13)Performing T-Test for finding the dependency of number of bedrooms on overall satisfaction level
t.test(hotel$overall_satisfaction, hotel$bedrooms)
##
## Welch Two Sample t-test
##
## data: hotel$overall_satisfaction and hotel$bedrooms
## t = 42.393, df = 1223.7, p-value < 2.2e-16
## alternative hypothesis: true difference in means is not equal to 0
## 95 percent confidence interval:
## 2.696440 2.958127
## sample estimates:
## mean of x mean of y
## 4.179742 1.352459
-> Here also, P-value is less than 0.05 impliying that null hypothesis is rejected. Number of bedrooms are significant contributor to the overall satisfaction level.
t.test(hotel$overall_satisfaction, hotel$price)
##
## Welch Two Sample t-test
##
## data: hotel$overall_satisfaction and hotel$price
## t = -17.679, df = 853.13, p-value < 2.2e-16
## alternative hypothesis: true difference in means is not equal to 0
## 95 percent confidence interval:
## -136.0308 -108.8439
## sample estimates:
## mean of x mean of y
## 4.179742 126.617096
-> Here also, P-value is less than 0.05 impliying that null hypothesis is rejected. Price of hotel rooms are significant contributor to the overall satisfaction level.
cor(hotel[,6:10])
## reviews overall_satisfaction accommodates
## reviews 1.0000000 0.33413467 -0.11658640
## overall_satisfaction 0.3341347 1.00000000 -0.09202409
## accommodates -0.1165864 -0.09202409 1.00000000
## bedrooms -0.1143018 -0.09009348 0.79817570
## price -0.0931582 -0.14207140 0.51468095
## bedrooms price
## reviews -0.11430182 -0.0931582
## overall_satisfaction -0.09009348 -0.1420714
## accommodates 0.79817570 0.5146809
## bedrooms 1.00000000 0.5437369
## price 0.54373690 1.0000000
library(corrgram)
corrgram(hotel[,6:10], order=TRUE, lower.panel=panel.shade,upper.panel=panel.pie, text.panel=panel.txt,main="Corrgram for different variables")
hotel$room_type[hotel$Res==0] <- 'Entire home/apt'
hotel$room_type[hotel$Res == 1] <- 'Private room'
hotel$room_type[hotel$Res == 2] <- 'Shared room'
hotel$room_type<- factor(hotel$room_type)

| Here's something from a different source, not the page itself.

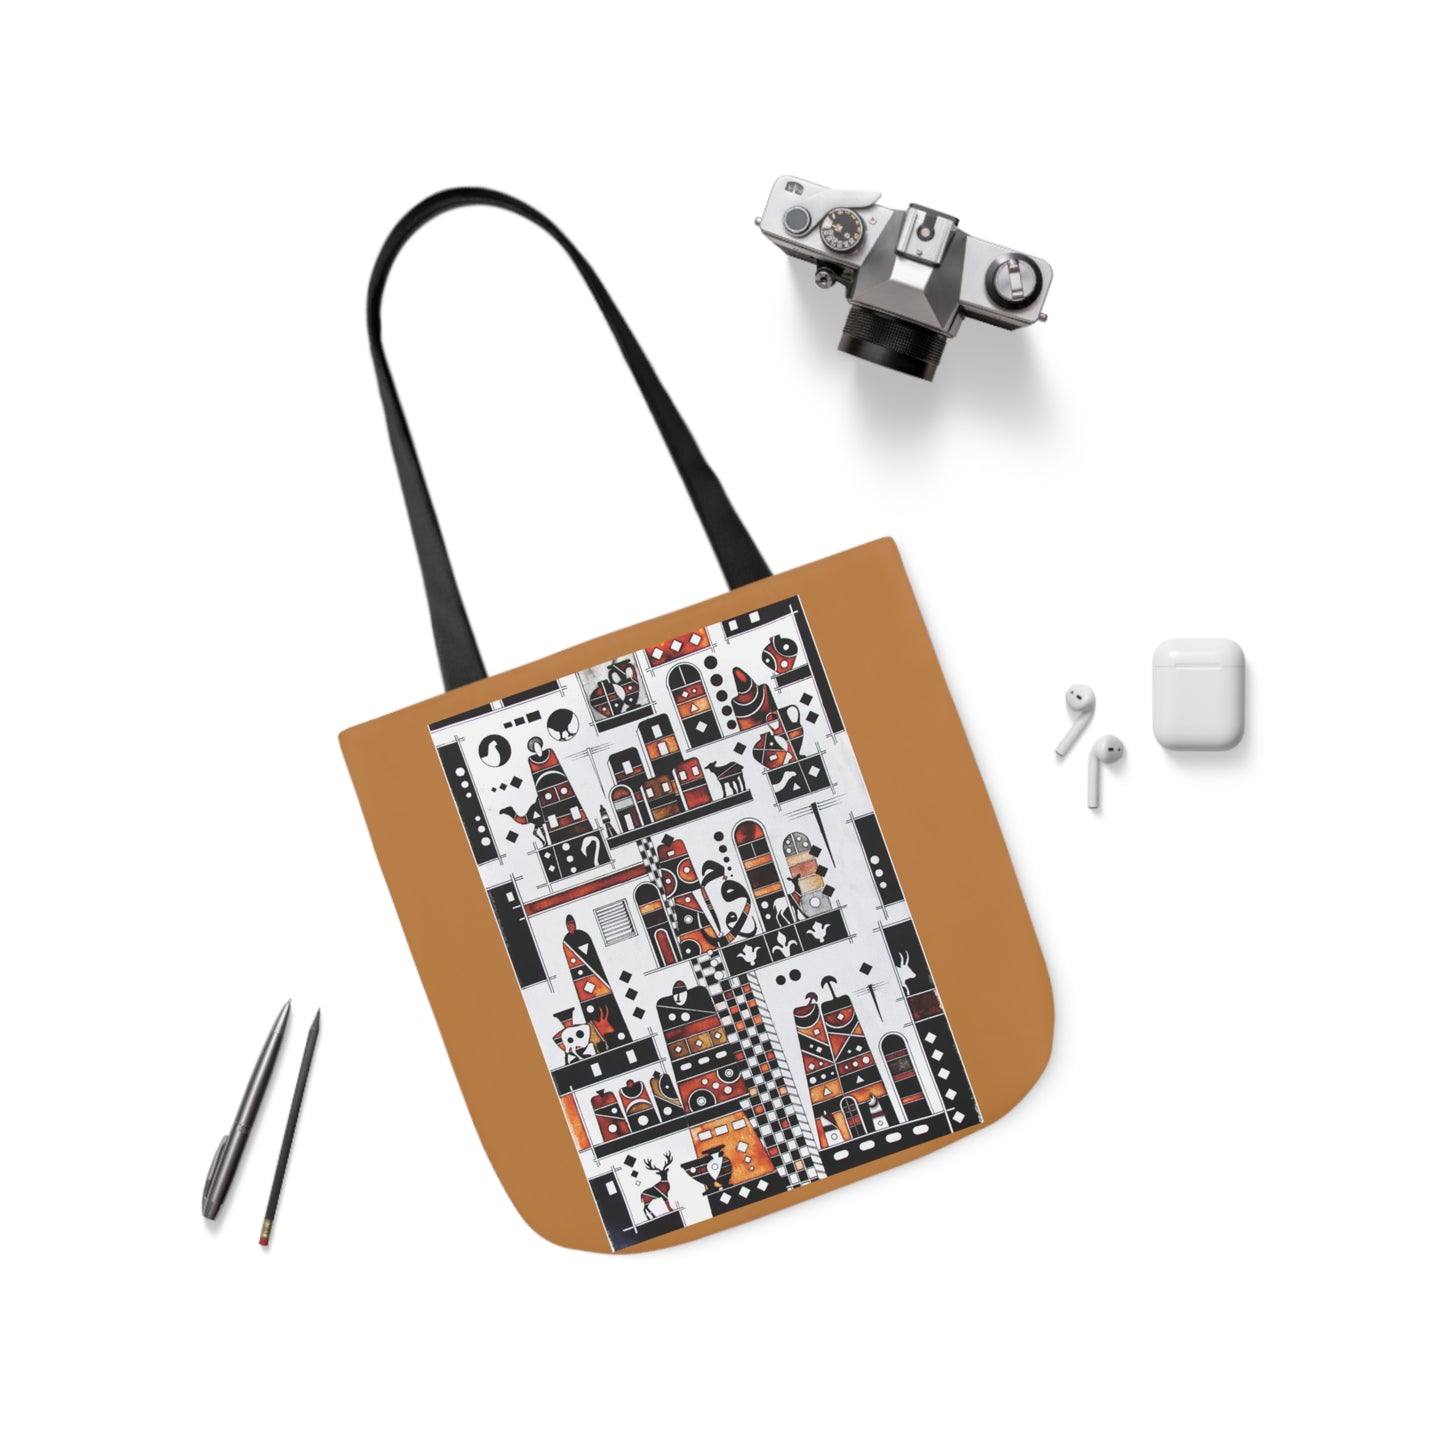 Glimpes Canvas Tote Bag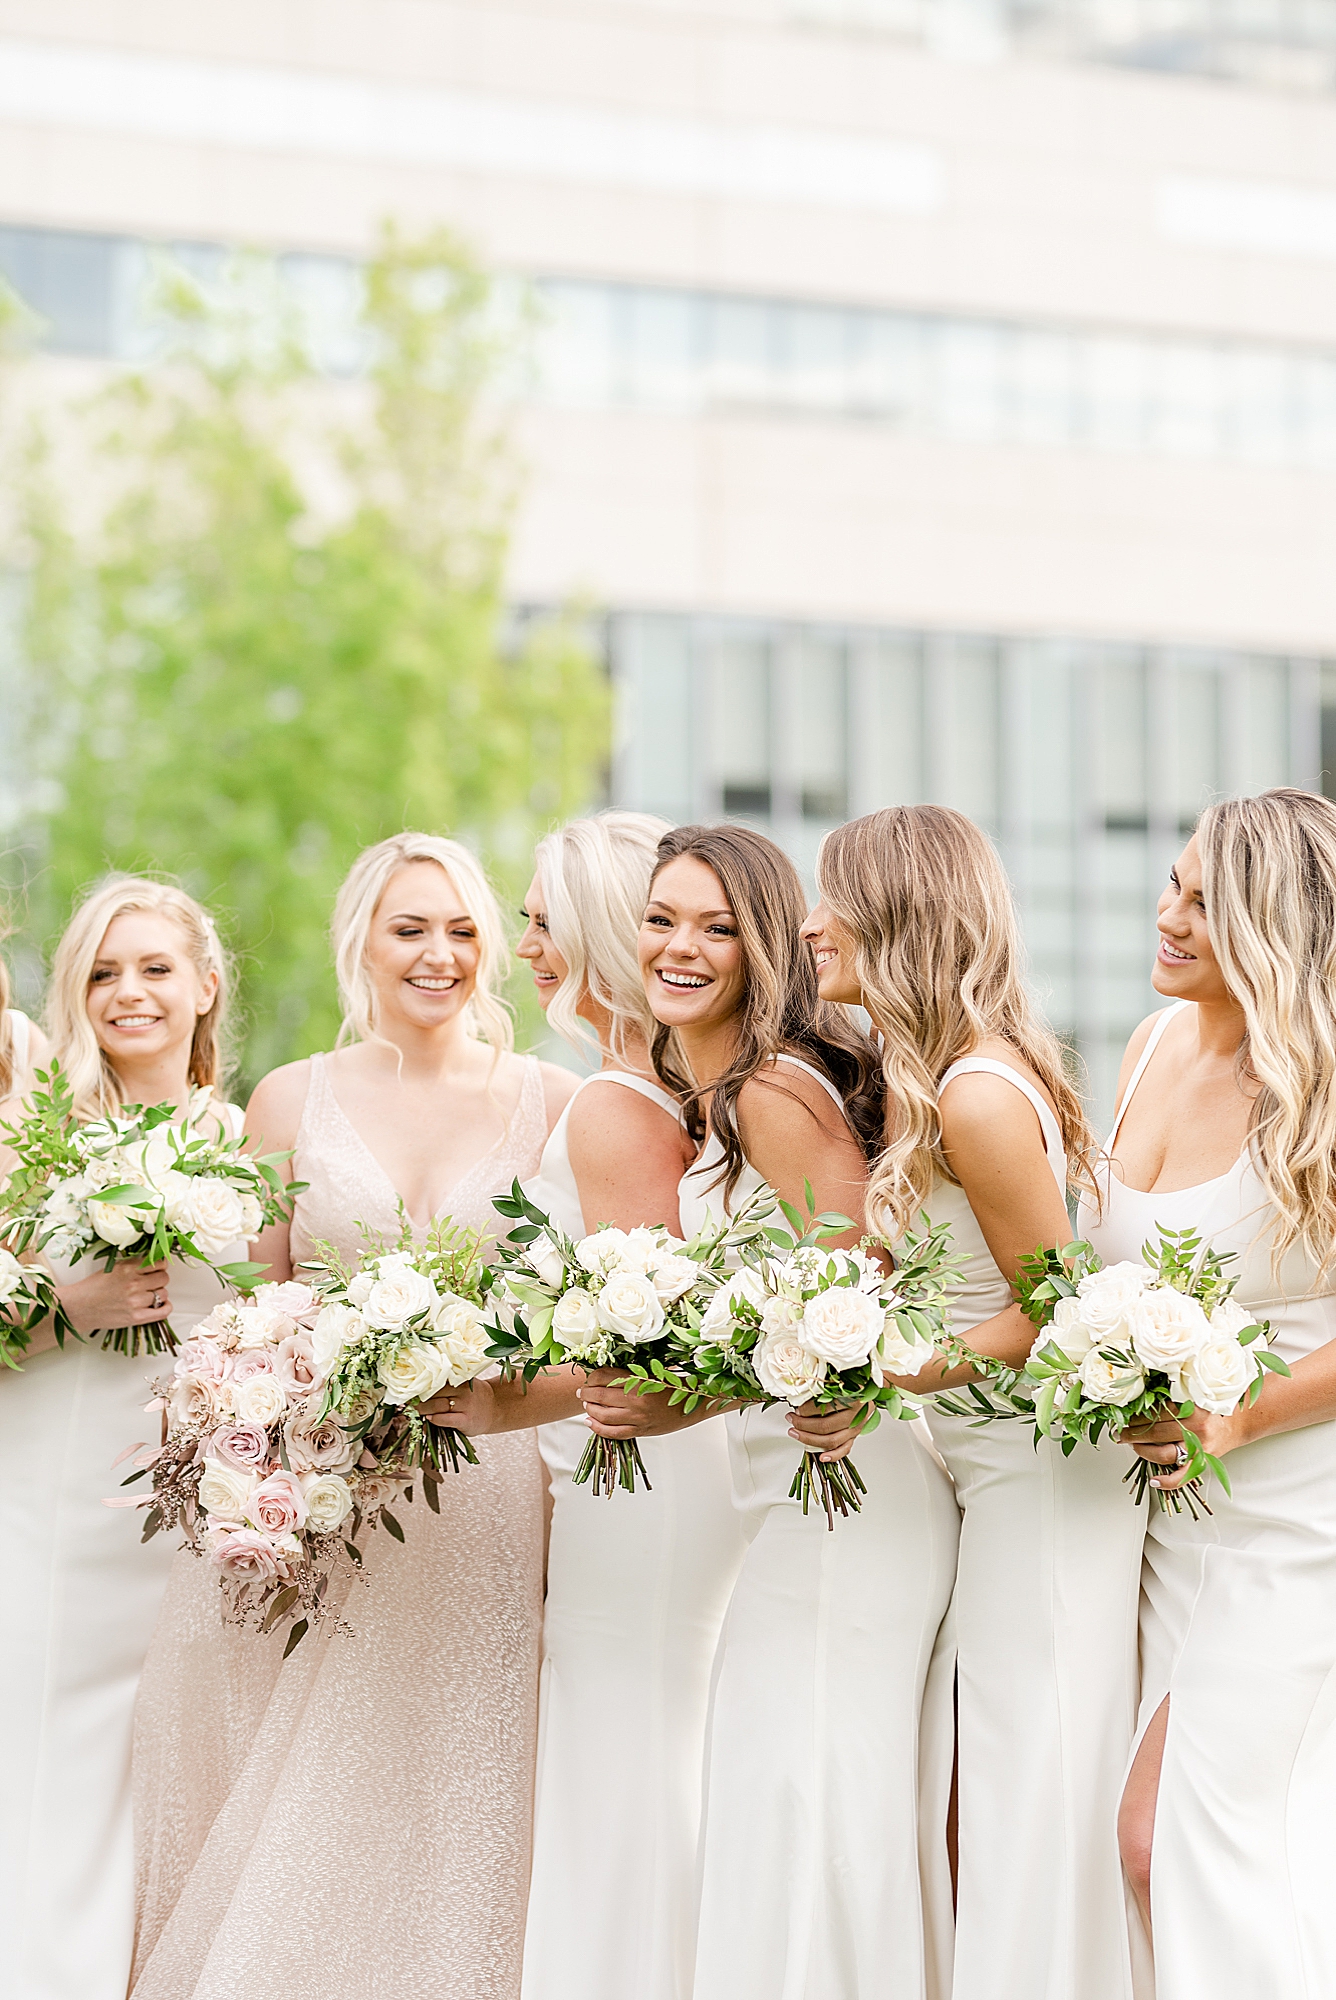 bridesmaids in white gowns smile with bride in blush wedding dress

reg1 <- lm(overall_satisfaction ~ room_type + reviews + accommodates + bedrooms + price , data = hotel)
summary(reg1)
##
## Call:
## lm(formula = overall_satisfaction ~ room_type + reviews + accommodates +
## bedrooms + price, data = hotel)
##
## Residuals:
## Min 1Q Median 3Q Max
## -4.7108 -0.1039 0.6725 1.0245 3.1436
##
## Coefficients:
## Estimate Std. Error t value Pr(>|t|)
## (Intercept) 4.0854118 0.1635207 24.984 < 2e-16 ***
## room_typePrivate room -0.3401051 0.1295452 -2.625 0.00881 **
## room_typeShared room -0.2331303 0.5900378 -0.395 0.69286
## reviews 0.0092462 0.0009294 9.948 < 2e-16 ***
## accommodates -0.0537422 0.0521089 -1.031 0.30267
## bedrooms 0.0645657 0.1164050 0.555 0.57927
## price -0.0010149 0.0003363 -3.018 0.00262 **
## ---
## Signif. codes: 0 '***' 0.001 '**' 0.01 '*' 0.05 '.' 0.1 ' ' 1
##
## Residual standard error: 1.645 on 847 degrees of freedom
## Multiple R-squared: 0.1313, Adjusted R-squared: 0.1251
## F-statistic: 21.34 on 6 and 847 DF, p-value: < 2.2e-16
-> we have got p value < 2.2e-16 which is less than 0.5, which means that the results are statistically significant. But the multiple r square value is 0.1313 , which means that the factors which we have considered in the regression analysis are only explaining about 15% impact on the dependent factor i.e. the overall satisfation. This implies that the data is insufficient for determining the exact level of customer satisfaction and there can be various other parameters that are needed to be in consideration. 19) Summary
-> The analysis for the given data was performed and the dependecies of various parameters impacting the overall satisfaction of customers on the different hotels of AIRBNB in the Ashville state were examined. After carring out the analysis of given data, it was found that the parameter room type significantly impacts the overall satisfaction of the customers of the vicinity. Also, the parameters bedrooms, price and accommodates are affecting overall satisfaction negligibly. We are also getting the multiple r square value = 0.1313, which means that there are also certain parameters which we have not considered in the analysis that will be more efficient in explaining the current model.